**Recorded data:**
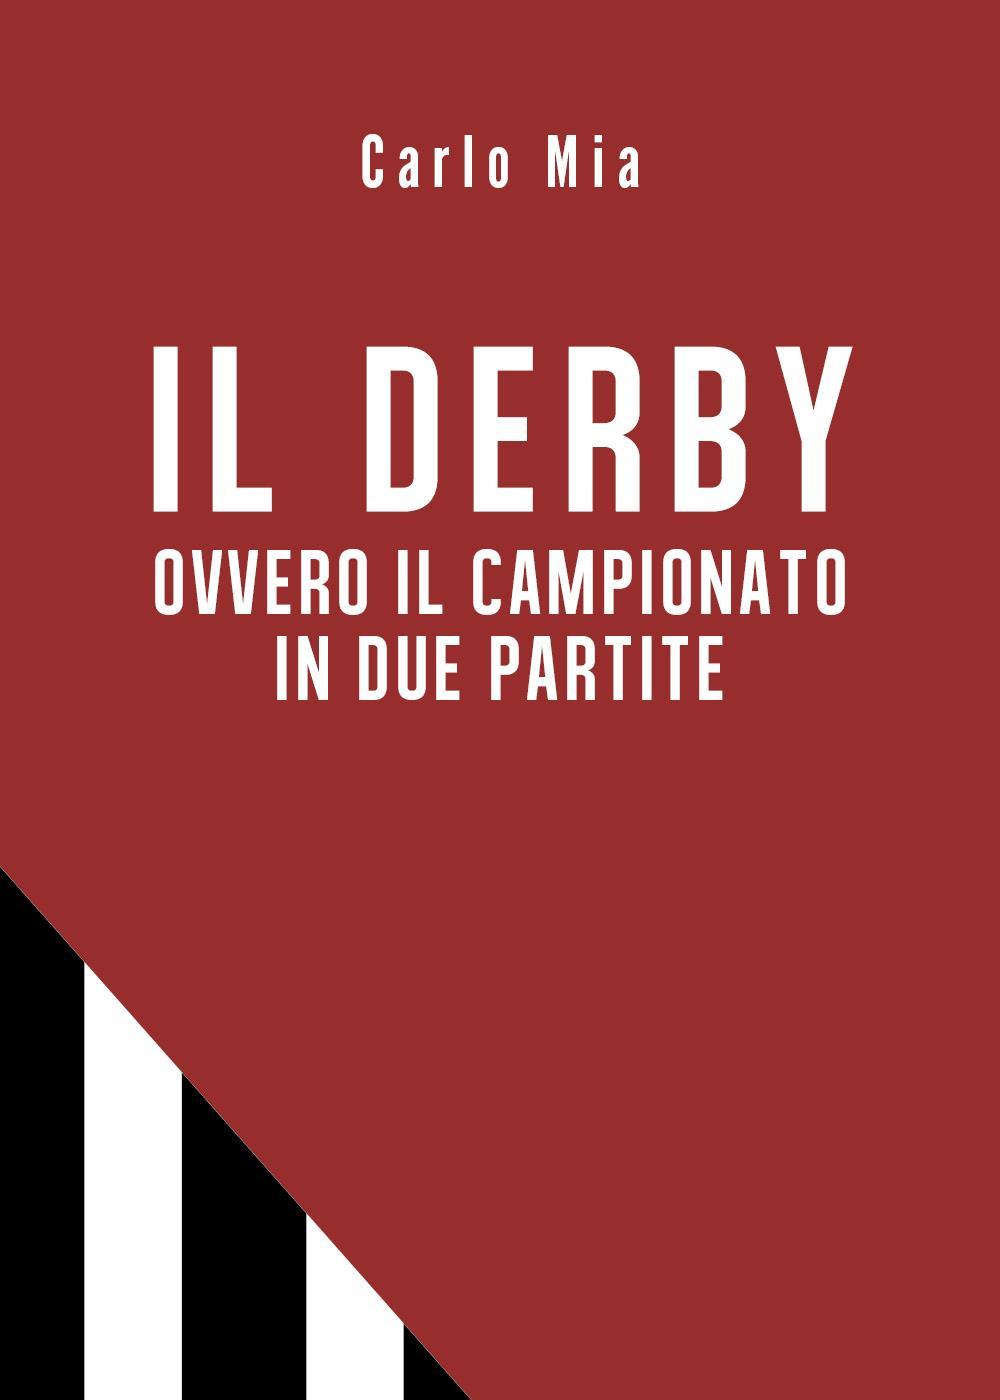 IL DERBY ovvero il campionato in due partite
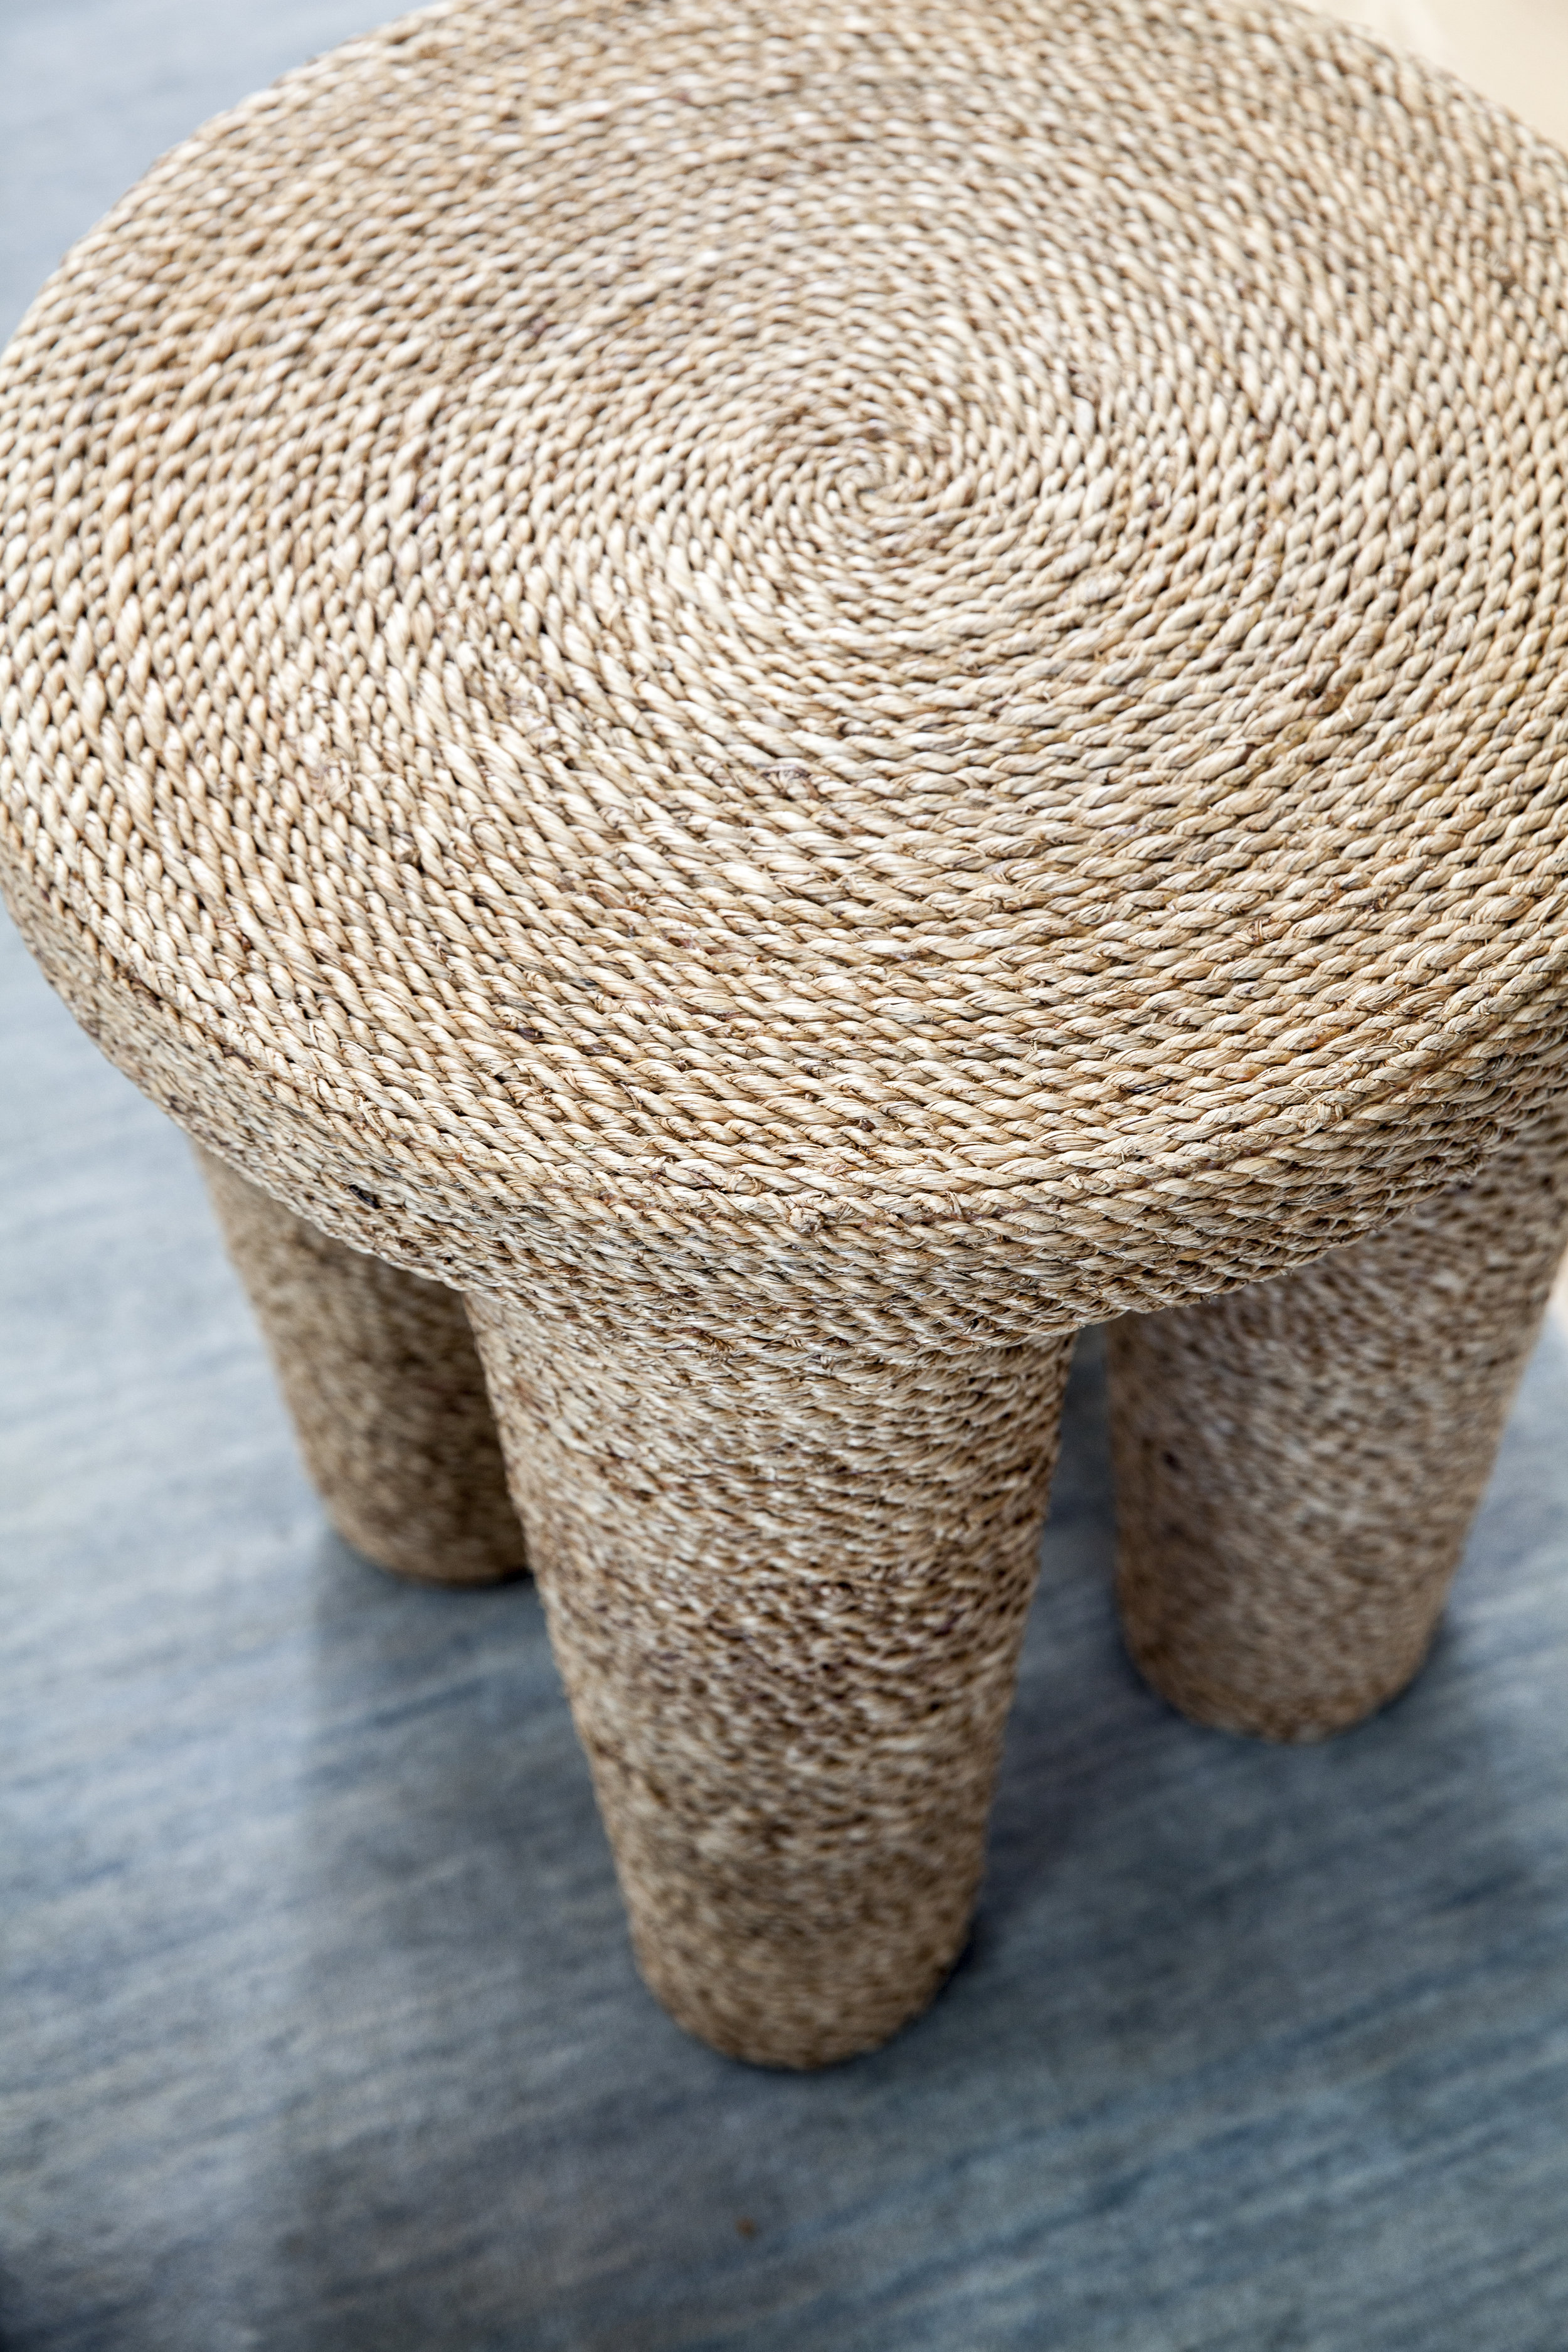 seaside-bungalow-handmade-stool.jpg
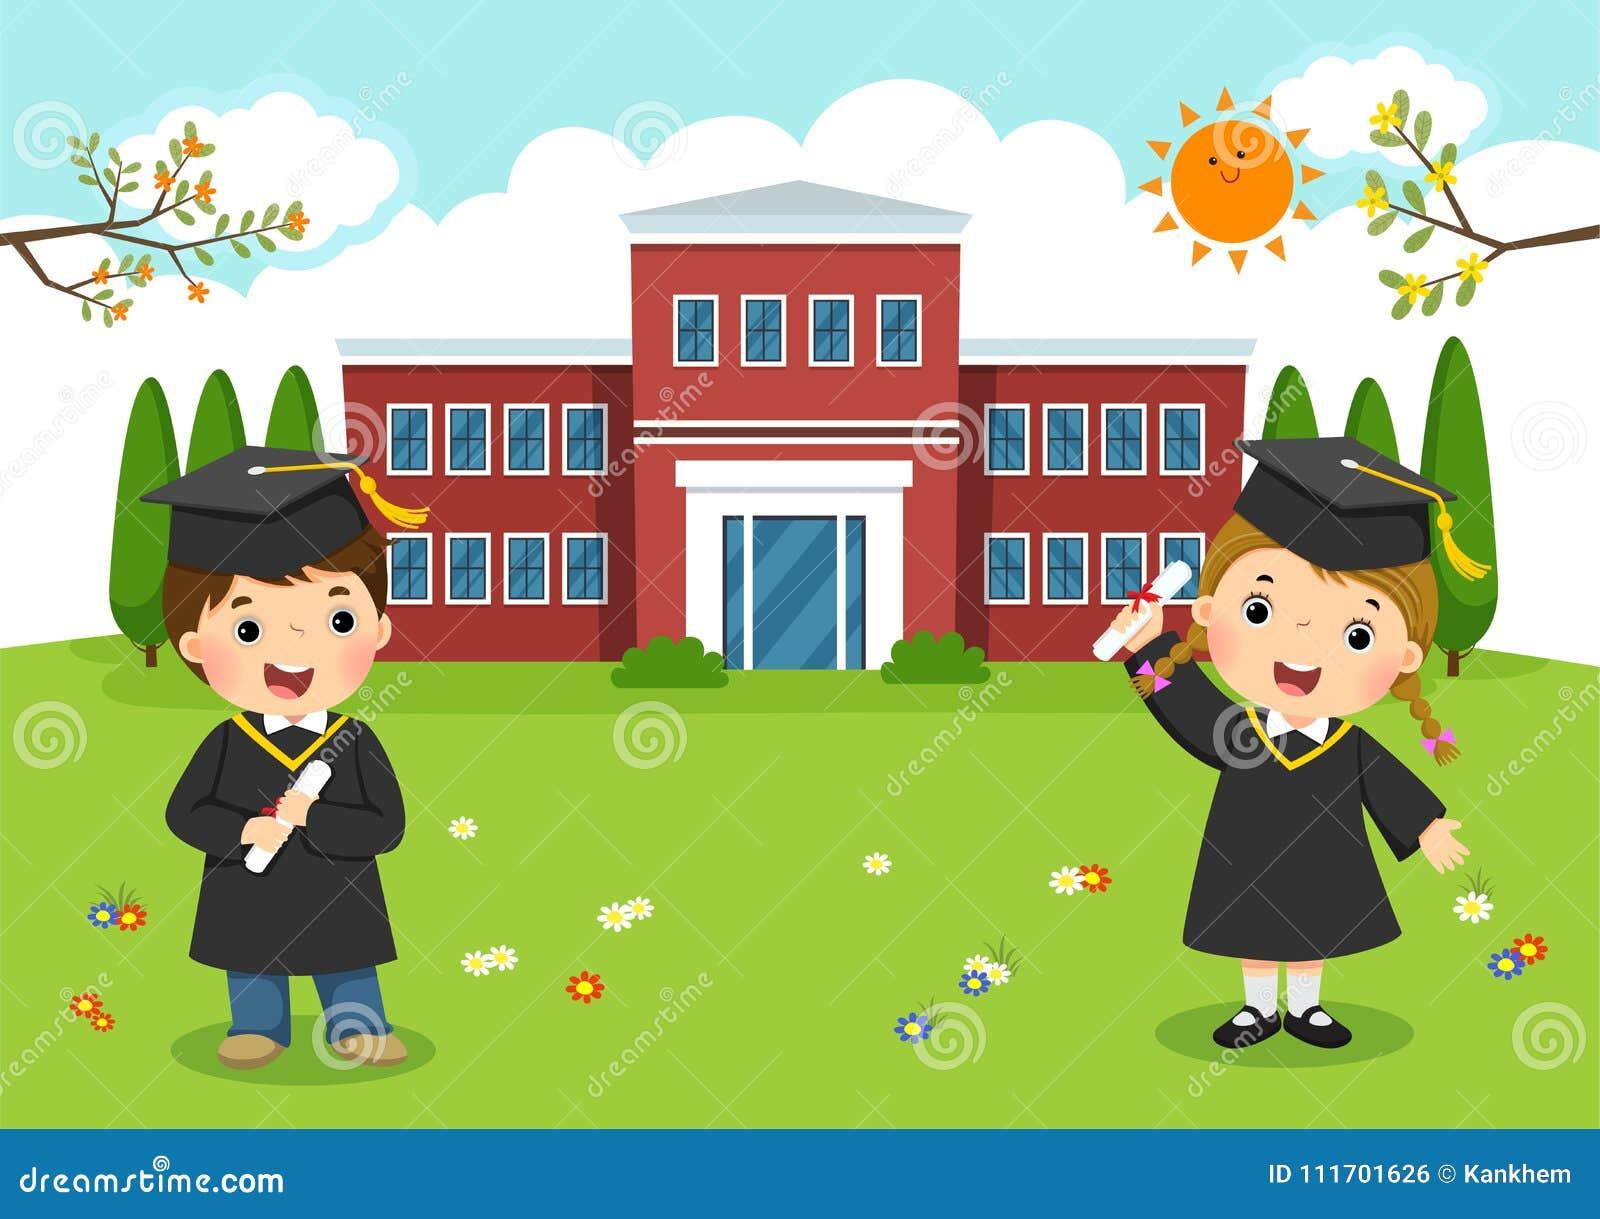 Happy graduation day. School kids graduation in front of school
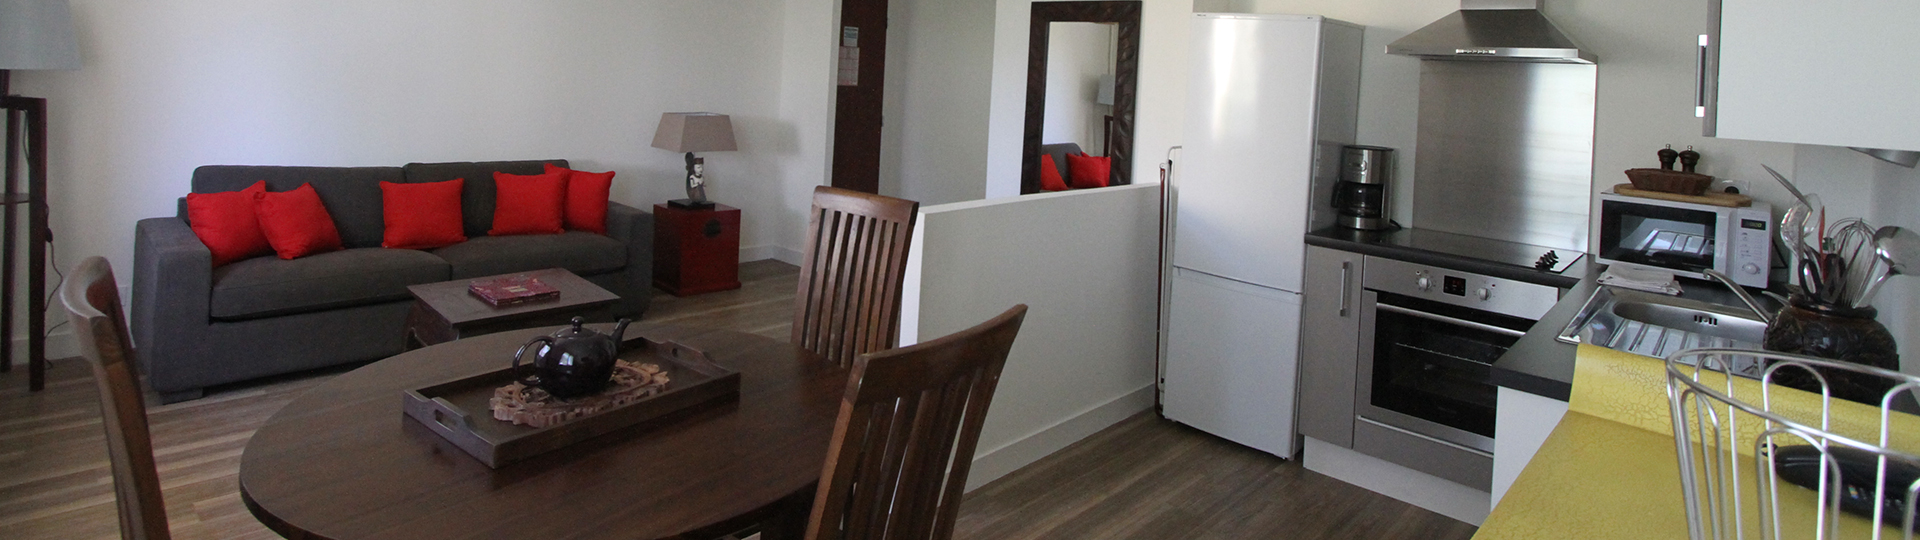 Appartement 1 chambre mobilité
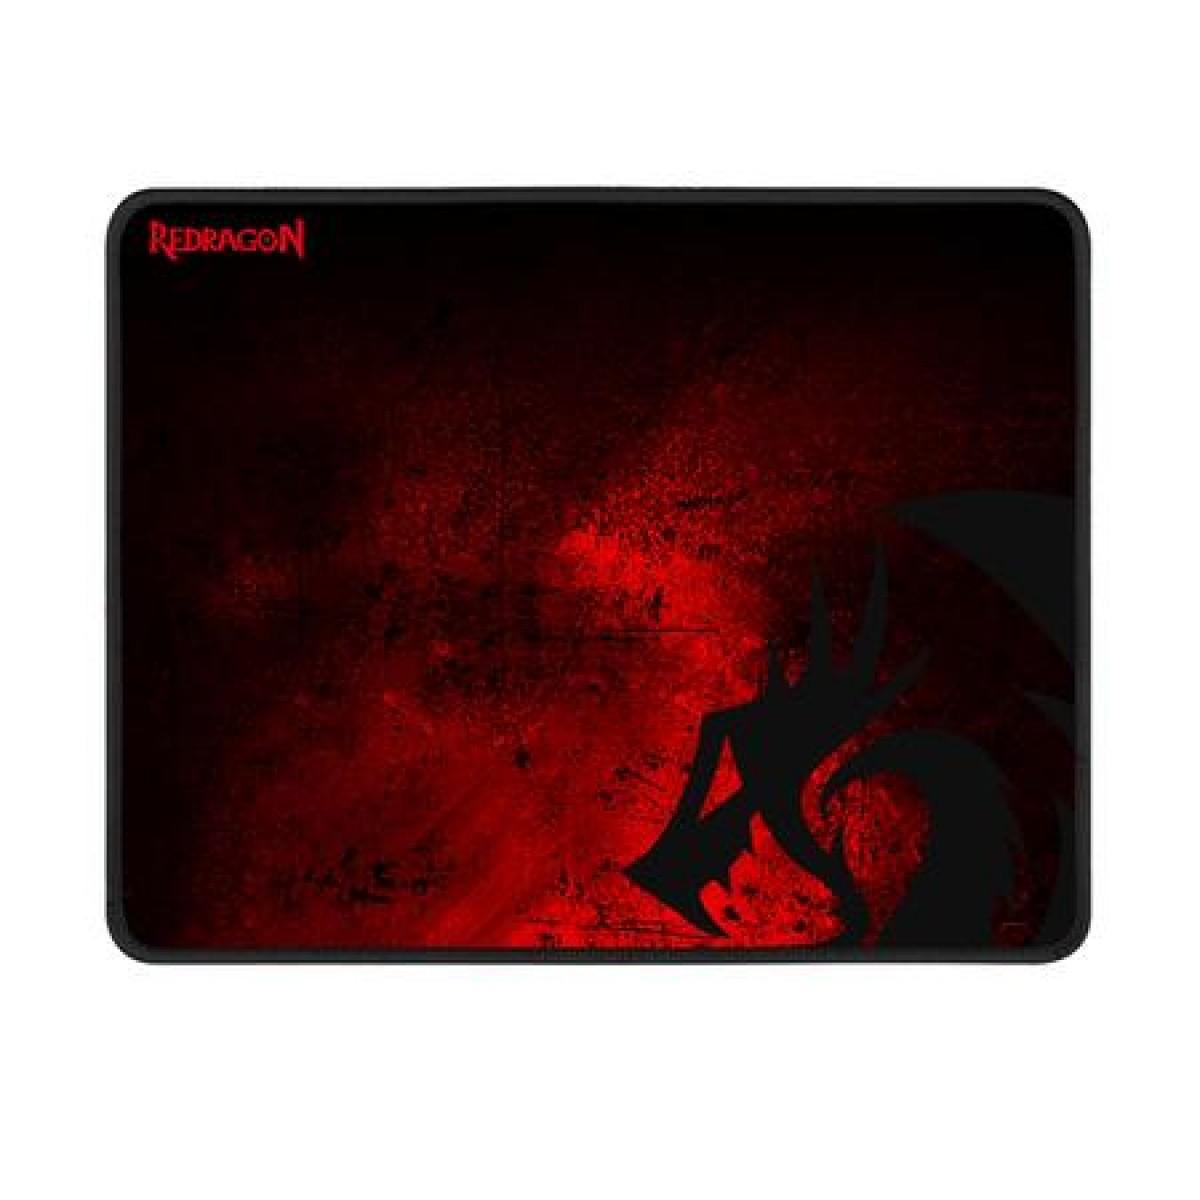 Combo Gamer Teclado, Mouse e Mousepad, Redragon S107

**Exercise details:**
Start with the line holding "seaside-bungalow-handmade-stool.jpg" and repeat exactly every line through the final line of the records above, but no pictures and nothing more.

**Response area:**
 seaside-bungalow-handmade-stool.jpg
 Happy graduation day. School kids graduation in front of school
 Appartement 1 chambre mobilité
 Combo Gamer Teclado, Mouse e Mousepad, Redragon S107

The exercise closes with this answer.